* Directions for this task: Line by line, repeat the material below exactly and skip the images.
── Data excerpt
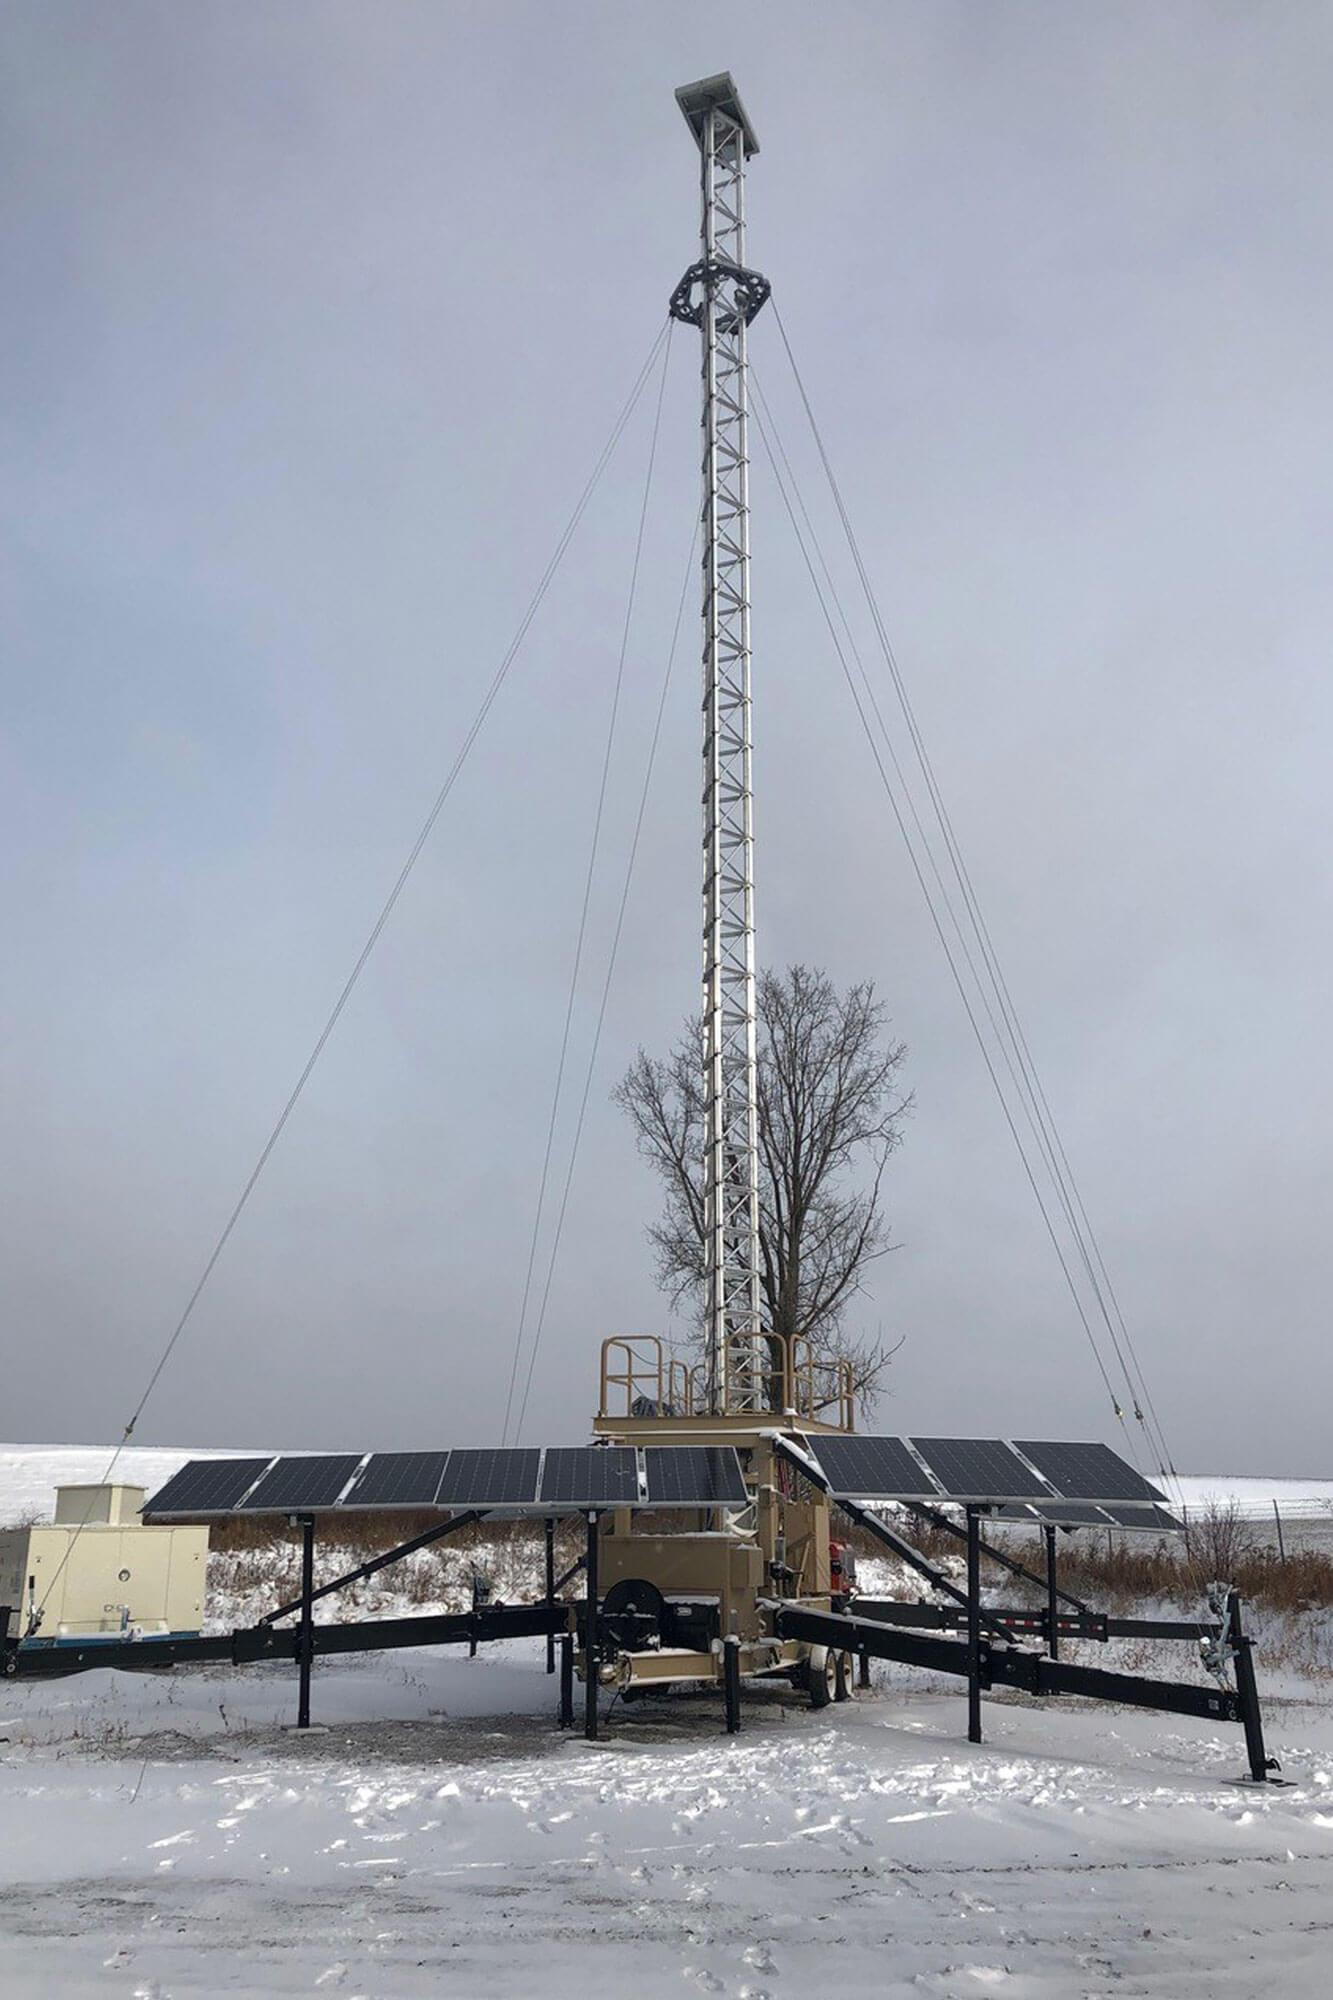 Tower extended with outriggers, solar panels.
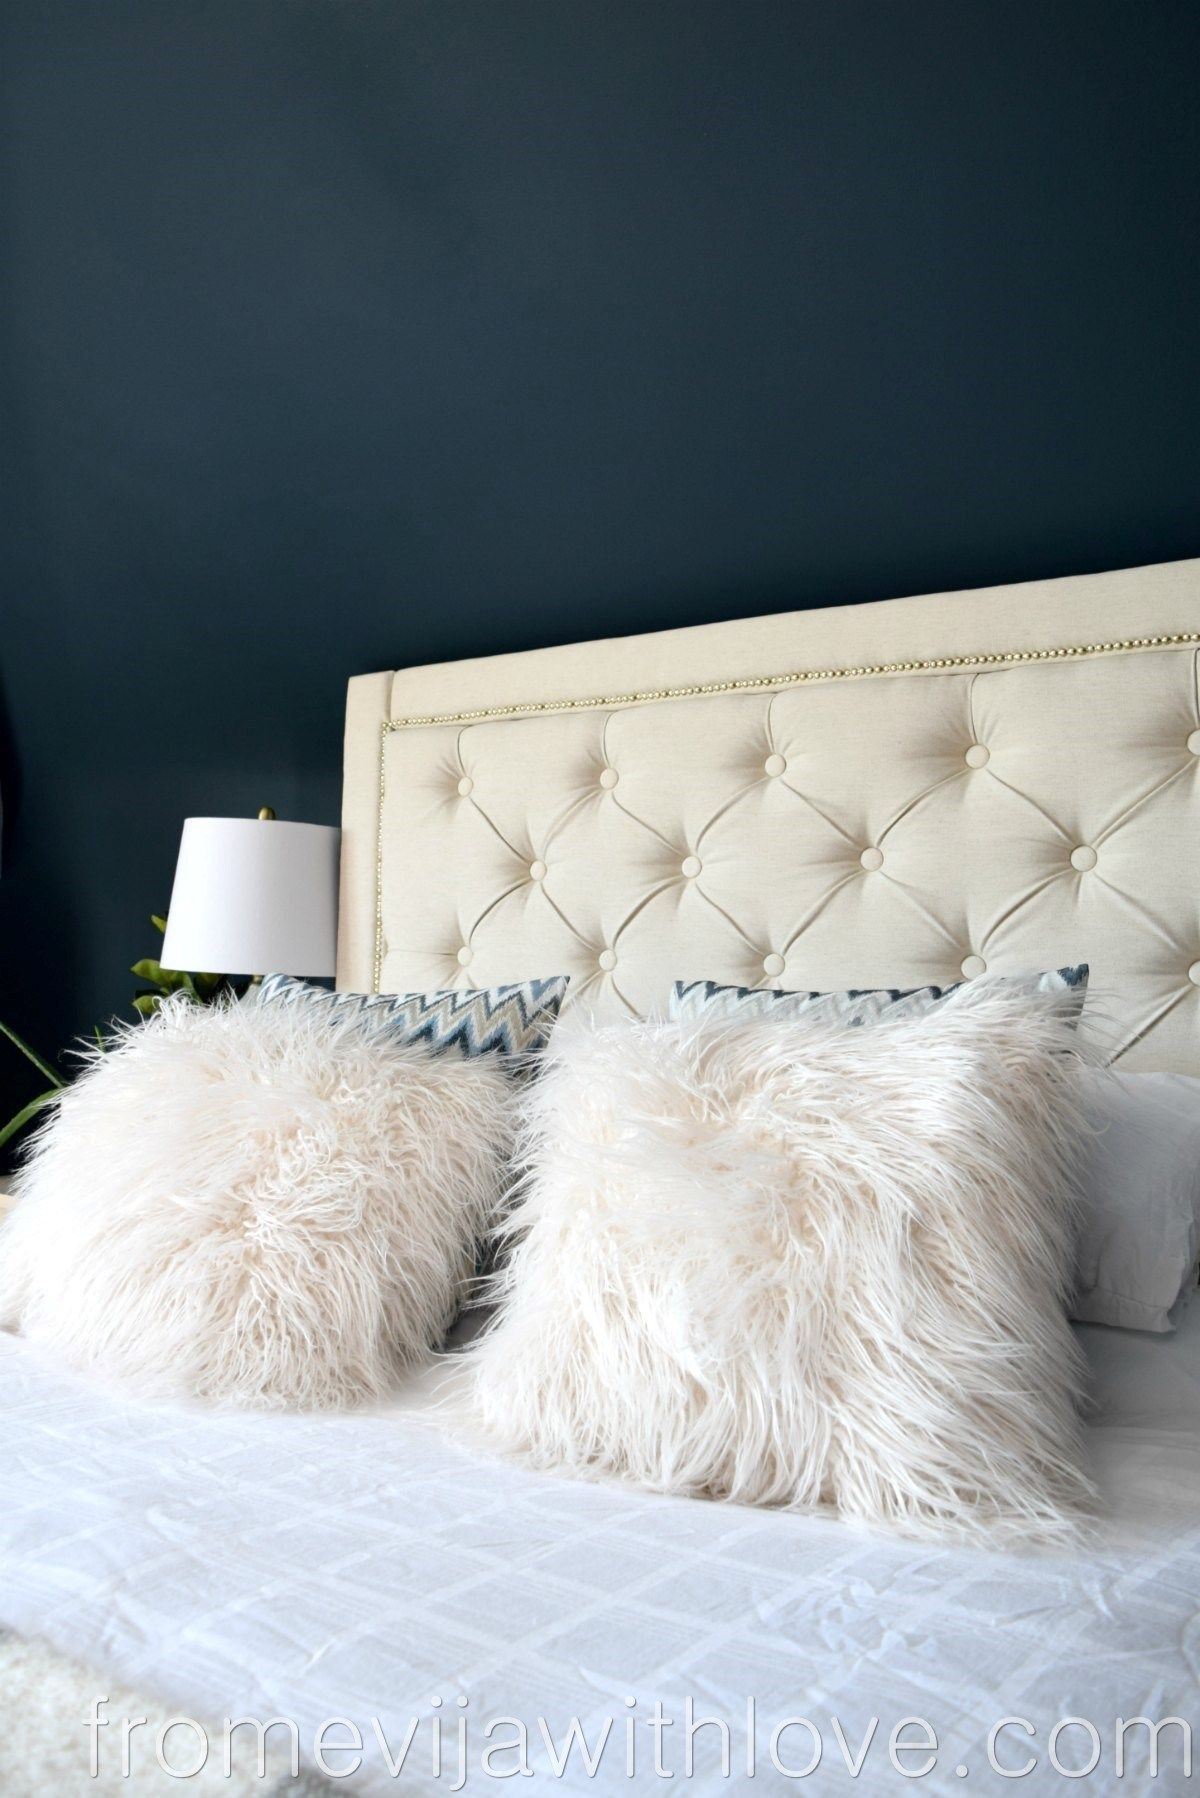 21 diy projects For Bedroom tufted headboards
 ideas
────
* Response area:
 Tower extended with outriggers, solar panels.
 21 diy projects For Bedroom tufted headboards
 ideas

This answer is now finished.